Available data:
***
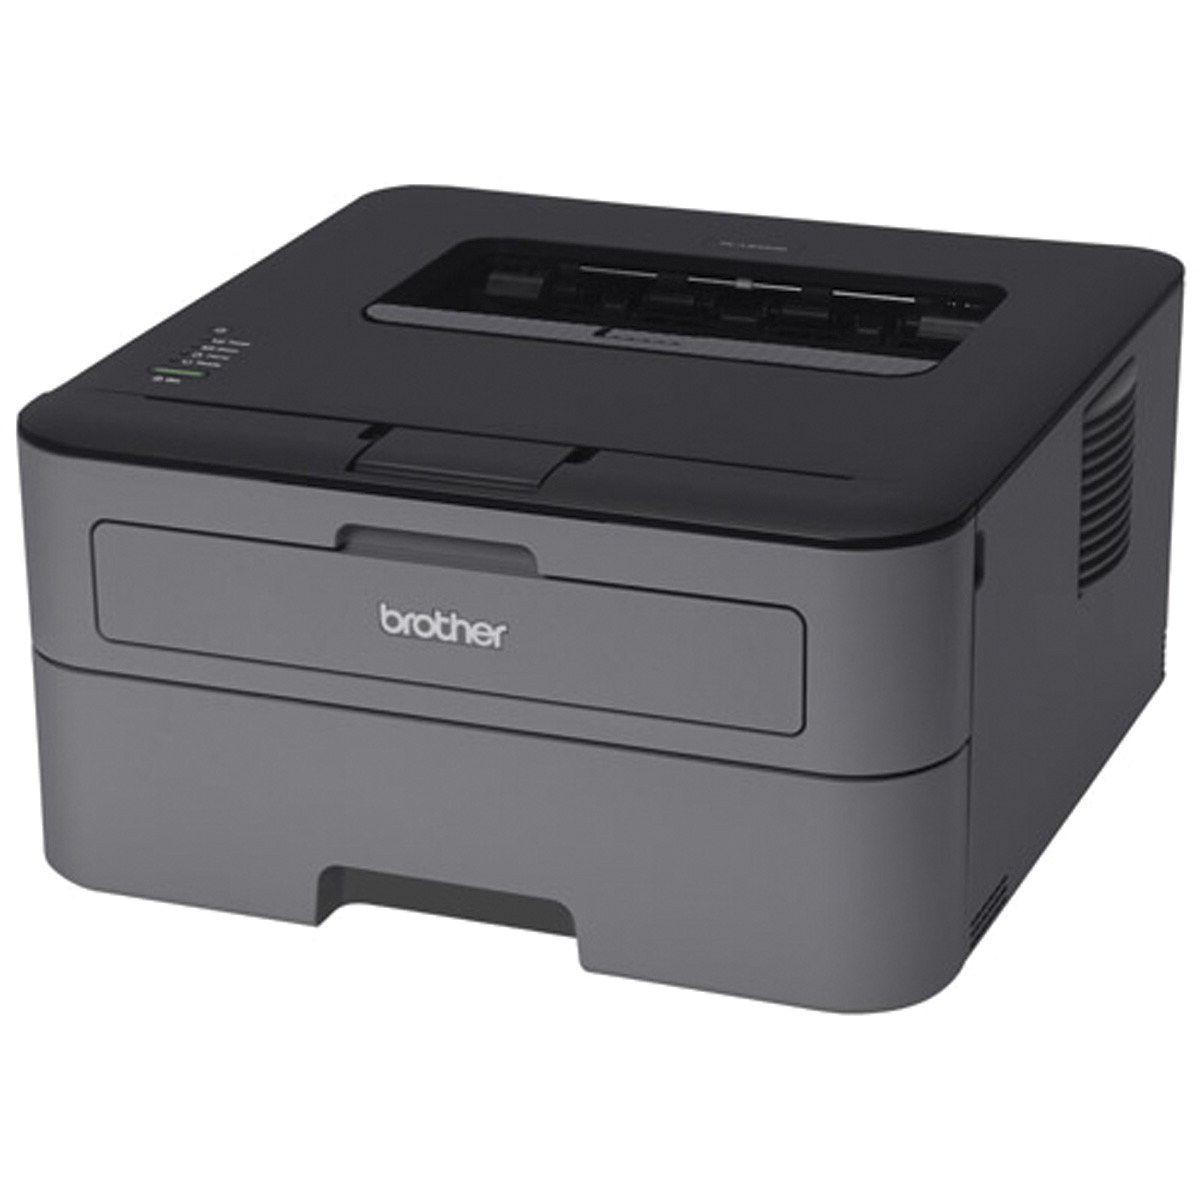 Brother Hl L2300d Laser Printer 27ppm Duplex Printing With Images Laser Printer Brother Printers Printer Driver
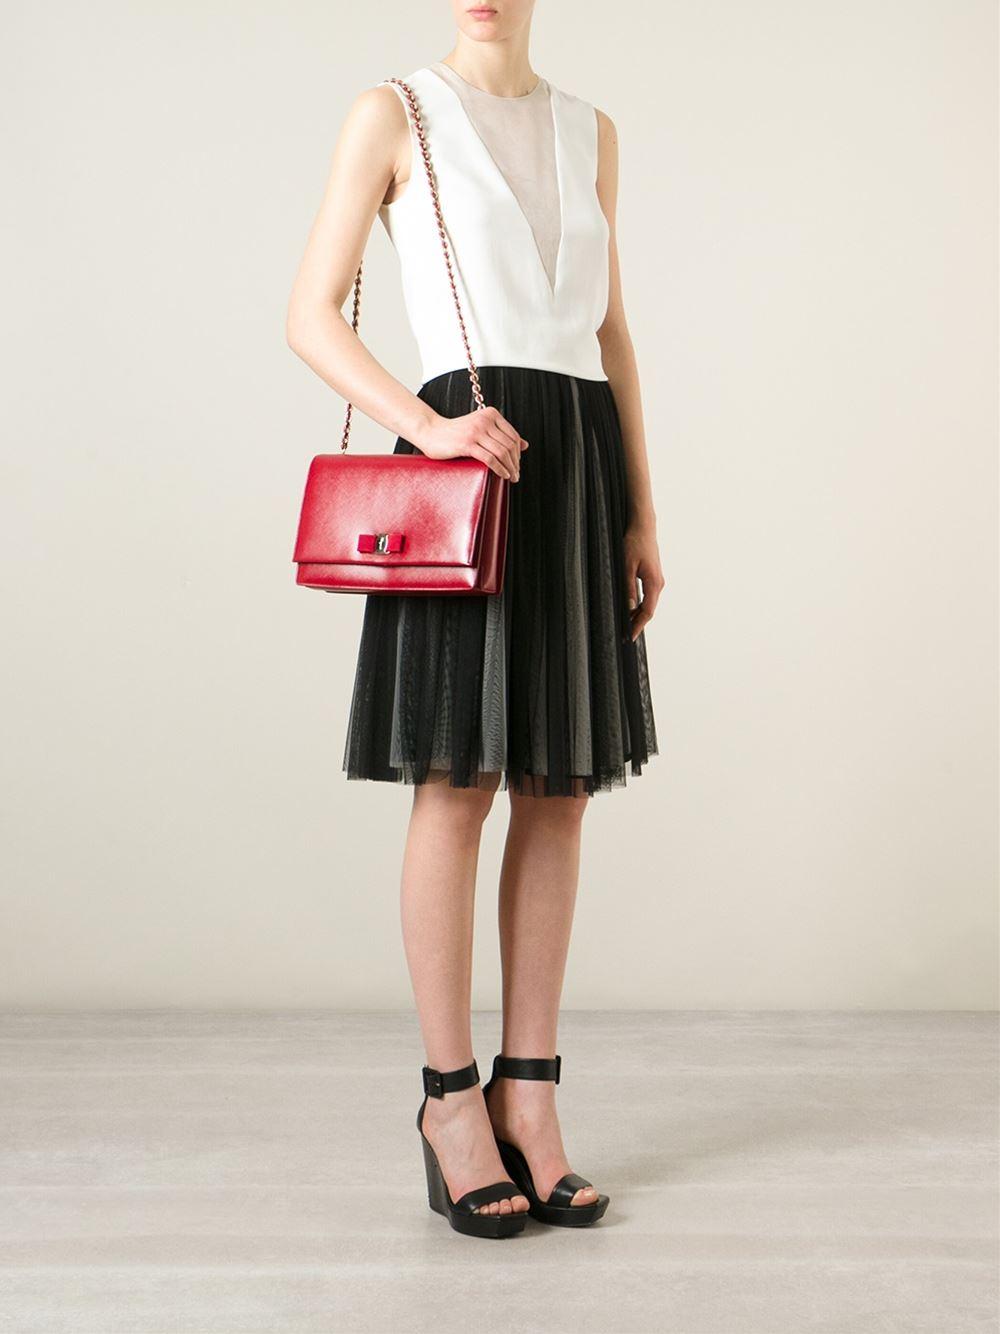 Lyst - Ferragamo Ginny Leather Cross-Body Bag in Red 01c4d466445fb
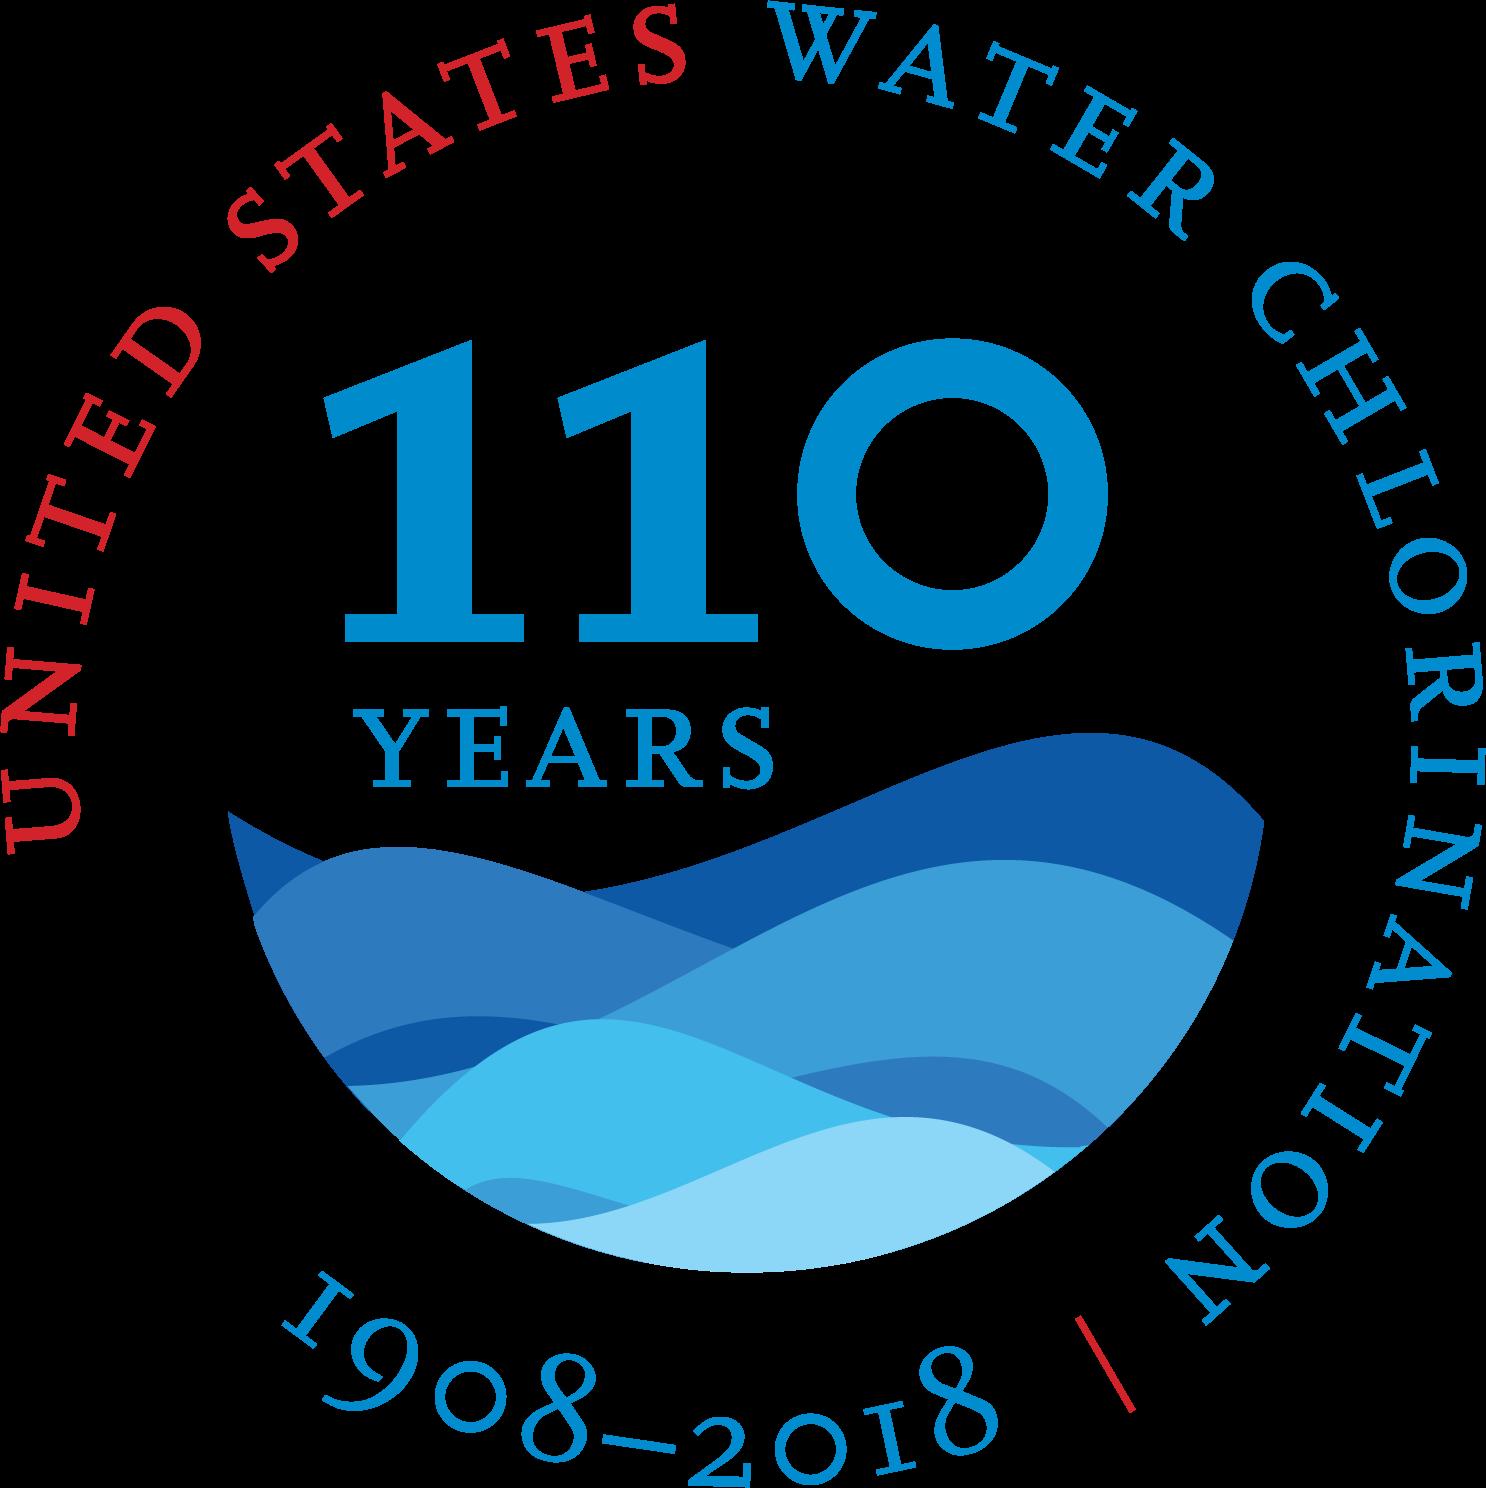 110-anniversary-logo
***
What this task involves: Write out the material exactly as it stands, omitting every picture.

Result of this task:
 Brother Hl L2300d Laser Printer 27ppm Duplex Printing With Images Laser Printer Brother Printers Printer Driver
 Lyst - Ferragamo Ginny Leather Cross-Body Bag in Red 01c4d466445fb
 110-anniversary-logo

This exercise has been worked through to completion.